In Riverdale, New Anxieties, And a Resolve to Carry On

May 21, 2009

Author: Lisa W. Foderaro

Source: The New York Times

http://www.nytimes.com/2009/05/22/nyregion/22riverdale.html?_r=1&emc=tnt&tntemail0=y

High on a hill, overlooking the Palisades, is Riverdale, a quiet, stroller-friendly community where Jews have gravitated for decades, both to the postwar brick apartment buildings and the capacious homes where azaleas are now in bloom. Residents can walk to a half-dozen synagogues and shop in delis and restaurants catering to their faith. There’s even a kosher Dunkin’ Donuts.

But on Wednesday night, the neighborly calm in this part of the Bronx was shattered when armored police vehicles, including an 18-wheeler, moved in to foil what officials called a terrorist plot to blow up two synagogues on Independence Avenue.
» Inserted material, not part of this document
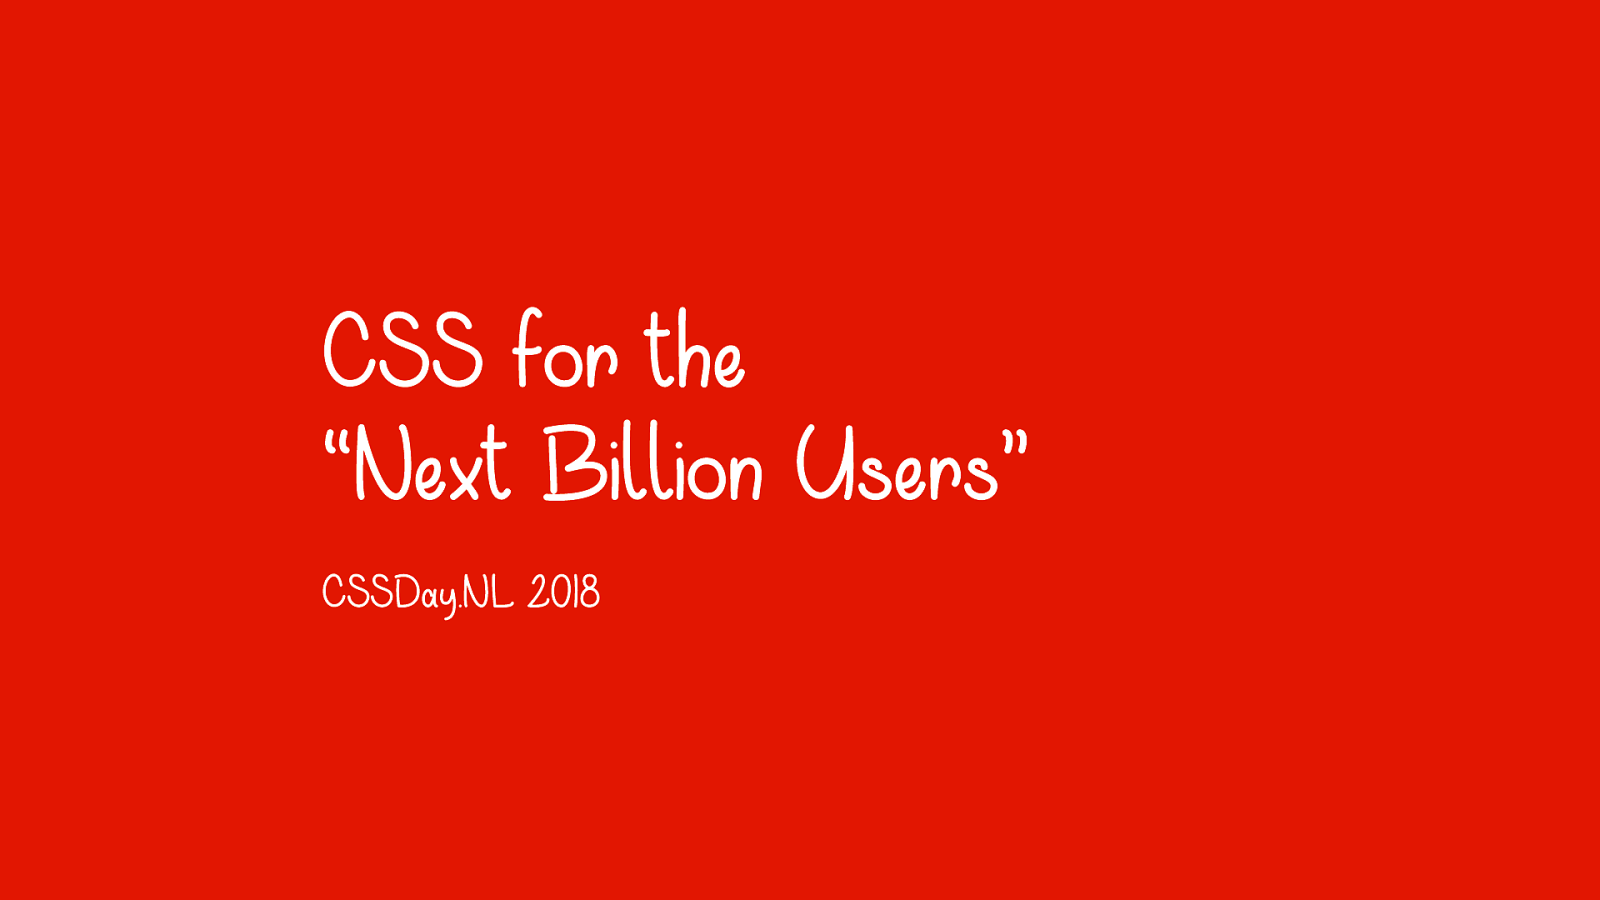 CSS for the “Next Billion Users”

Agents from the Federal Bureau of Investigation and the Department of Homeland Security, working with the New York Police Department, had for months tracked the actions of the four suspects arrested on Wednesday, who they said also had schemed to shoot down military planes at an Air National Guard base in Newburgh.
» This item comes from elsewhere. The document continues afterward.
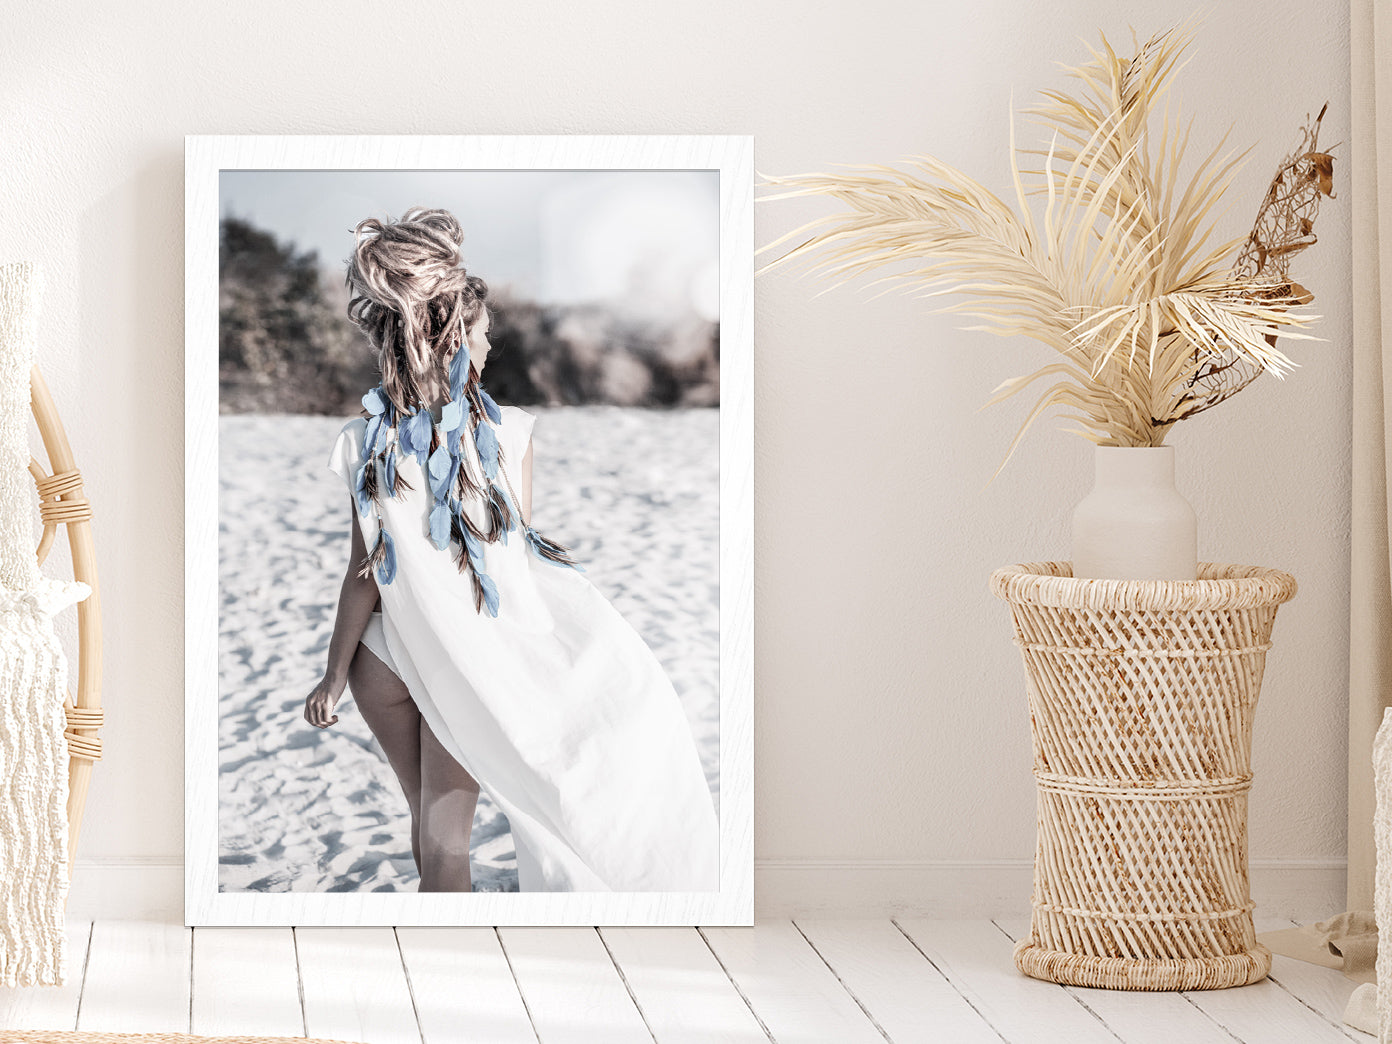 Girl on Sand Beach View Photograph Glass Framed Wall Art, Ready to Hang Quality Print Without White Border White

Even on Wednesday night, as Judith S. Lewis, the rabbi of the Riverdale Temple, one of the two targeted synagogues, was leaving for the night, she thought the unusual flurry of police activity was related to “a major drug bust of some sort,” she said. She heard the news on her car radio as she drove home.

“My first call was from an Israeli newspaper,” she said. “The phone didn’t stop ringing.”

The bombs that the defendants are accused of planting in cars in front of the Riverdale Temple, a Reform synagogue, and the nearby Riverdale Jewish Center, which is Orthodox, could not have exploded, having been disabled by the F.B.I. But some residents said the episode highlighted an insecurity they have long felt in a community so closely tied to Jewish life.